◆ **Action item**: From the first line of the entries below to the line with "Ritratto di bambini", give each line again exactly.

# # # # #

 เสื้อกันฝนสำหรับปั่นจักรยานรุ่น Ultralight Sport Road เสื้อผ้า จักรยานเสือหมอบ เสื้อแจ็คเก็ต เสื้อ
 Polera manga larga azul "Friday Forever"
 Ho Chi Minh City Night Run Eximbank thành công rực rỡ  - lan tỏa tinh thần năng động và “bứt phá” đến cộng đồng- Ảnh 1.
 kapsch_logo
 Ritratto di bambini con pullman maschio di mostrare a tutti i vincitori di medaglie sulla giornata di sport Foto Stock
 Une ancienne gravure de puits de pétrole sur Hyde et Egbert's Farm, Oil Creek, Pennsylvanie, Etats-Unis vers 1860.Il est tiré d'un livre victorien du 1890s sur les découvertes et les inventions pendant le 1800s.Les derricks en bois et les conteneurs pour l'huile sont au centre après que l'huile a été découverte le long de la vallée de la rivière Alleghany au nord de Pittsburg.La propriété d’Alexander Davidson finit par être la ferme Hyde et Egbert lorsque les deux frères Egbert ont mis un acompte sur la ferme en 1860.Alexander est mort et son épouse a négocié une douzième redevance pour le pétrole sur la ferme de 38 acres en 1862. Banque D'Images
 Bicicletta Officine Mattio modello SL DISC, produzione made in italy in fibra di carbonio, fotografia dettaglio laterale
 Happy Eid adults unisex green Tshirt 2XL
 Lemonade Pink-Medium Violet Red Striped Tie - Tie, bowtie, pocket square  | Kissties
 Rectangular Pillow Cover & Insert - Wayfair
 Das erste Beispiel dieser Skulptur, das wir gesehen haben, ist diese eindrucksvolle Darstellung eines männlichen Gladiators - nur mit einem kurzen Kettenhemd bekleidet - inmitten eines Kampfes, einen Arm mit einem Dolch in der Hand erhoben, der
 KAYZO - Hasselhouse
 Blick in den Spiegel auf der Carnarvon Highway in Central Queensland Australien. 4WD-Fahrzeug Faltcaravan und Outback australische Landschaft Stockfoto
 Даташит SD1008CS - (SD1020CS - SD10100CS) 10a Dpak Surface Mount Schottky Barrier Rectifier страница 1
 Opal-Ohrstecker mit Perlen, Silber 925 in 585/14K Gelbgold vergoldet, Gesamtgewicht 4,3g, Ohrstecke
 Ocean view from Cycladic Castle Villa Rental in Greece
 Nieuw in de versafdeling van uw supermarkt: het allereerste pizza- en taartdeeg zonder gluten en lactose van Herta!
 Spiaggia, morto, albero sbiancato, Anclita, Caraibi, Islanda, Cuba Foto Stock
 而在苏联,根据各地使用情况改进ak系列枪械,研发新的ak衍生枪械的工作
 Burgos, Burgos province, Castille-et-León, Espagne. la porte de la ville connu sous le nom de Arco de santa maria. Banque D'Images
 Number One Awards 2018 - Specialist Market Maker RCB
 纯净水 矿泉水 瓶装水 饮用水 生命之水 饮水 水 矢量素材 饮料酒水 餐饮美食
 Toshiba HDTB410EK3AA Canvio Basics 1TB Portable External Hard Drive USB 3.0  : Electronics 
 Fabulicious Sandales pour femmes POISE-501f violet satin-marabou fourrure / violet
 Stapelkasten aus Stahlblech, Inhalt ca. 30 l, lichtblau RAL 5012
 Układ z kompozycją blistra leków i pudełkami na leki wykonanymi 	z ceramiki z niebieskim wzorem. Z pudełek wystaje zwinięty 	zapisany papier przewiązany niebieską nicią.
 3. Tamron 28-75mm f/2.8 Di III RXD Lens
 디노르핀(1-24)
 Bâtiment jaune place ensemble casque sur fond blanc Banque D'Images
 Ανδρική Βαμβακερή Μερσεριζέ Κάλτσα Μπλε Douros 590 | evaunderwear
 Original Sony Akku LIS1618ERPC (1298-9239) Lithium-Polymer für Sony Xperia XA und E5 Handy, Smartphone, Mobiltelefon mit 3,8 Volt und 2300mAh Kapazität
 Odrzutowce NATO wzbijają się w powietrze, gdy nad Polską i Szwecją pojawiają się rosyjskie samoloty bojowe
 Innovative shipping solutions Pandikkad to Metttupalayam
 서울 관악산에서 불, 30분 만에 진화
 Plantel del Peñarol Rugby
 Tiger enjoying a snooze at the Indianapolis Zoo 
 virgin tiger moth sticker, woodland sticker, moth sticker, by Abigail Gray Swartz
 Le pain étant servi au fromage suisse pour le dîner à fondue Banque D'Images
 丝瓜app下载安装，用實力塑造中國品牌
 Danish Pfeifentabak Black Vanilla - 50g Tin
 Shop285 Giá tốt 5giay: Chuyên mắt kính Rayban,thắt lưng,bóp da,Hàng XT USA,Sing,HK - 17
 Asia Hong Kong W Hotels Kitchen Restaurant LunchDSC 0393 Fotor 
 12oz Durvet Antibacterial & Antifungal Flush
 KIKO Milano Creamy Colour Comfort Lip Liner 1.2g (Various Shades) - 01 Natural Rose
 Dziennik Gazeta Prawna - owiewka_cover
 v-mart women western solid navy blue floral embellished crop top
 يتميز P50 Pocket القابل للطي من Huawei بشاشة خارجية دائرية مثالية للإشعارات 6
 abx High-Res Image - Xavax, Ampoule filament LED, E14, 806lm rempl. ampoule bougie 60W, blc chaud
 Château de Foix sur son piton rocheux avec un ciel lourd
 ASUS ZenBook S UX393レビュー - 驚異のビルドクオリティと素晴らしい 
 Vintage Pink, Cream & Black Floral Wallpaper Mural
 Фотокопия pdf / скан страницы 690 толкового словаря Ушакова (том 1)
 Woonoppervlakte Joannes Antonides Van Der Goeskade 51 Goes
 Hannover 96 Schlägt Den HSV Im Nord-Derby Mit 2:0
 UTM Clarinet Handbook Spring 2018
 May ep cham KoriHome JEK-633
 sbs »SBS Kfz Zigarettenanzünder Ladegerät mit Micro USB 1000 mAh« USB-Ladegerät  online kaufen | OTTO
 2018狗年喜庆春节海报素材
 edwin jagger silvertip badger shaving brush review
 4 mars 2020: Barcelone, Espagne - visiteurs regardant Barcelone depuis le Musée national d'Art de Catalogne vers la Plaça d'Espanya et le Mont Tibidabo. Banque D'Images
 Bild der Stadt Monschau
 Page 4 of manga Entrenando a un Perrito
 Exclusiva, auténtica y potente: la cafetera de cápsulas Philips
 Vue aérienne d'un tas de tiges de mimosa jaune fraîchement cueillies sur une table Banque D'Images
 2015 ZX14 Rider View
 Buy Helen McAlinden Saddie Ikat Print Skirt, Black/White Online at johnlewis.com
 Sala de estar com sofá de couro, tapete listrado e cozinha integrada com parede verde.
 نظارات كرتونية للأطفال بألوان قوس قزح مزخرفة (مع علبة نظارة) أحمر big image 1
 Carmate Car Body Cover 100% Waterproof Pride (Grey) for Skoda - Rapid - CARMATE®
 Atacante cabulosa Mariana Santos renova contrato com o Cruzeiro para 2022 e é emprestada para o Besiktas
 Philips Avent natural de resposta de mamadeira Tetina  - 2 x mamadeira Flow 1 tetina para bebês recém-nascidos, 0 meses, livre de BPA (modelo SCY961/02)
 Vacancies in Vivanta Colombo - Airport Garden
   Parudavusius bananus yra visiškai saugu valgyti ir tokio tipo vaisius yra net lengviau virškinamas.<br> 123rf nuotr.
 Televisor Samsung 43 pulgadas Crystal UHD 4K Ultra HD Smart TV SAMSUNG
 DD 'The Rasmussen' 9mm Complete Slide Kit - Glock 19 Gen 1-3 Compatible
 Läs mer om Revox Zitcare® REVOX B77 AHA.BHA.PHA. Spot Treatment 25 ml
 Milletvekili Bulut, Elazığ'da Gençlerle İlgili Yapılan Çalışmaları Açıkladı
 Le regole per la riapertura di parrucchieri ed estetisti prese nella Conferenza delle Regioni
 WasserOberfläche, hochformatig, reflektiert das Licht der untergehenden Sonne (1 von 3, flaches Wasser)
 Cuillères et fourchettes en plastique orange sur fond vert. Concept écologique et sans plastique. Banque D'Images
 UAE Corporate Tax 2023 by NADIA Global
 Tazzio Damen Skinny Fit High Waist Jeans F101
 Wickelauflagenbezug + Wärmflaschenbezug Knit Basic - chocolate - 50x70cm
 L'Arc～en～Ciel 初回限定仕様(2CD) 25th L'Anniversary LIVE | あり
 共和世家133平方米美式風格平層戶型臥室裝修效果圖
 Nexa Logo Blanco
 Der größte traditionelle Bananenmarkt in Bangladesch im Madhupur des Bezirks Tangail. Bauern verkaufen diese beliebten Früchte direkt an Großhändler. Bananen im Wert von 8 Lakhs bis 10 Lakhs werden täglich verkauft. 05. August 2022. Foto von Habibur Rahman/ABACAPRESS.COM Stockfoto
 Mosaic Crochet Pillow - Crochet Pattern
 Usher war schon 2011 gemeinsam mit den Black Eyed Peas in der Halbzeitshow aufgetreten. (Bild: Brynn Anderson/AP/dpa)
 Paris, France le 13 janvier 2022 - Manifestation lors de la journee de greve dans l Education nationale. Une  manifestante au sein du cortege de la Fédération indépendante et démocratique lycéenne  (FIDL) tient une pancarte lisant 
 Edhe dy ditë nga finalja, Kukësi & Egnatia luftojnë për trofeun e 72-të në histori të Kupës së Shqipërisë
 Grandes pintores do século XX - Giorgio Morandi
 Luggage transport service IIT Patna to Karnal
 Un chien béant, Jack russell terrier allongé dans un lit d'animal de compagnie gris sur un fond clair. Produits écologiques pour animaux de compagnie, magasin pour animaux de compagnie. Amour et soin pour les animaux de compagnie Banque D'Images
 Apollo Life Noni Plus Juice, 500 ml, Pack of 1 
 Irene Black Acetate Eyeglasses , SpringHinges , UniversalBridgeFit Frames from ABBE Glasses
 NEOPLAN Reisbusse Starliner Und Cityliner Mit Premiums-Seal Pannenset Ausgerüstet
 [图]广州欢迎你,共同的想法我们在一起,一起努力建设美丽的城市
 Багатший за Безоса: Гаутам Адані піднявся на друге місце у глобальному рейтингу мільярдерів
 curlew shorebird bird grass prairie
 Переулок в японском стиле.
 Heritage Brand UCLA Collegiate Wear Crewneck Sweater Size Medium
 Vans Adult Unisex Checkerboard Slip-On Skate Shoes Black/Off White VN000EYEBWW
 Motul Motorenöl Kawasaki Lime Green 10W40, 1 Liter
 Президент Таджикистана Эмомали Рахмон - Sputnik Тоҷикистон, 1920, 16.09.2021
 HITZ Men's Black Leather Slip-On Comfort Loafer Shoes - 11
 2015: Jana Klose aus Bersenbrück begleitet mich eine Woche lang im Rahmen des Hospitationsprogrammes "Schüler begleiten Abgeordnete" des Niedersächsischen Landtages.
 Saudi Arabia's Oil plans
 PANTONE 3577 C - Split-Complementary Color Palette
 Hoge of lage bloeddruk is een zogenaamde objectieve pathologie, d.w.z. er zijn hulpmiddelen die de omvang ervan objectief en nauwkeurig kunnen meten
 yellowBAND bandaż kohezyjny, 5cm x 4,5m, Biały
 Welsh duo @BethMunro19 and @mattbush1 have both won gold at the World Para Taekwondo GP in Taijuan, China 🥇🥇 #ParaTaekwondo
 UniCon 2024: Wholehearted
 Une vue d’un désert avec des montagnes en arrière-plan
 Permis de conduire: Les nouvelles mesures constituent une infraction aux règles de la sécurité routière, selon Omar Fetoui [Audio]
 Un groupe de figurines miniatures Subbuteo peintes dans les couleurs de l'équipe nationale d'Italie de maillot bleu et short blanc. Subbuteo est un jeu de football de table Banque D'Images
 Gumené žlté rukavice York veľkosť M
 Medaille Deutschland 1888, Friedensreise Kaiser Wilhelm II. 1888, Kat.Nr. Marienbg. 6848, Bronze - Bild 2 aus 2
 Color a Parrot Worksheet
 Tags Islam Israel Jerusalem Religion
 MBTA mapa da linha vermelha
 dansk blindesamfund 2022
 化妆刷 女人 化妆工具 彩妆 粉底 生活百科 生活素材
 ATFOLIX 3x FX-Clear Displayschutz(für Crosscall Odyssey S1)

# # # # #

◆ **Result of this exercise**:
 เสื้อกันฝนสำหรับปั่นจักรยานรุ่น Ultralight Sport Road เสื้อผ้า จักรยานเสือหมอบ เสื้อแจ็คเก็ต เสื้อ
 Polera manga larga azul "Friday Forever"
 Ho Chi Minh City Night Run Eximbank thành công rực rỡ  - lan tỏa tinh thần năng động và “bứt phá” đến cộng đồng- Ảnh 1.
 kapsch_logo
 Ritratto di bambini con pullman maschio di mostrare a tutti i vincitori di medaglie sulla giornata di sport Foto Stock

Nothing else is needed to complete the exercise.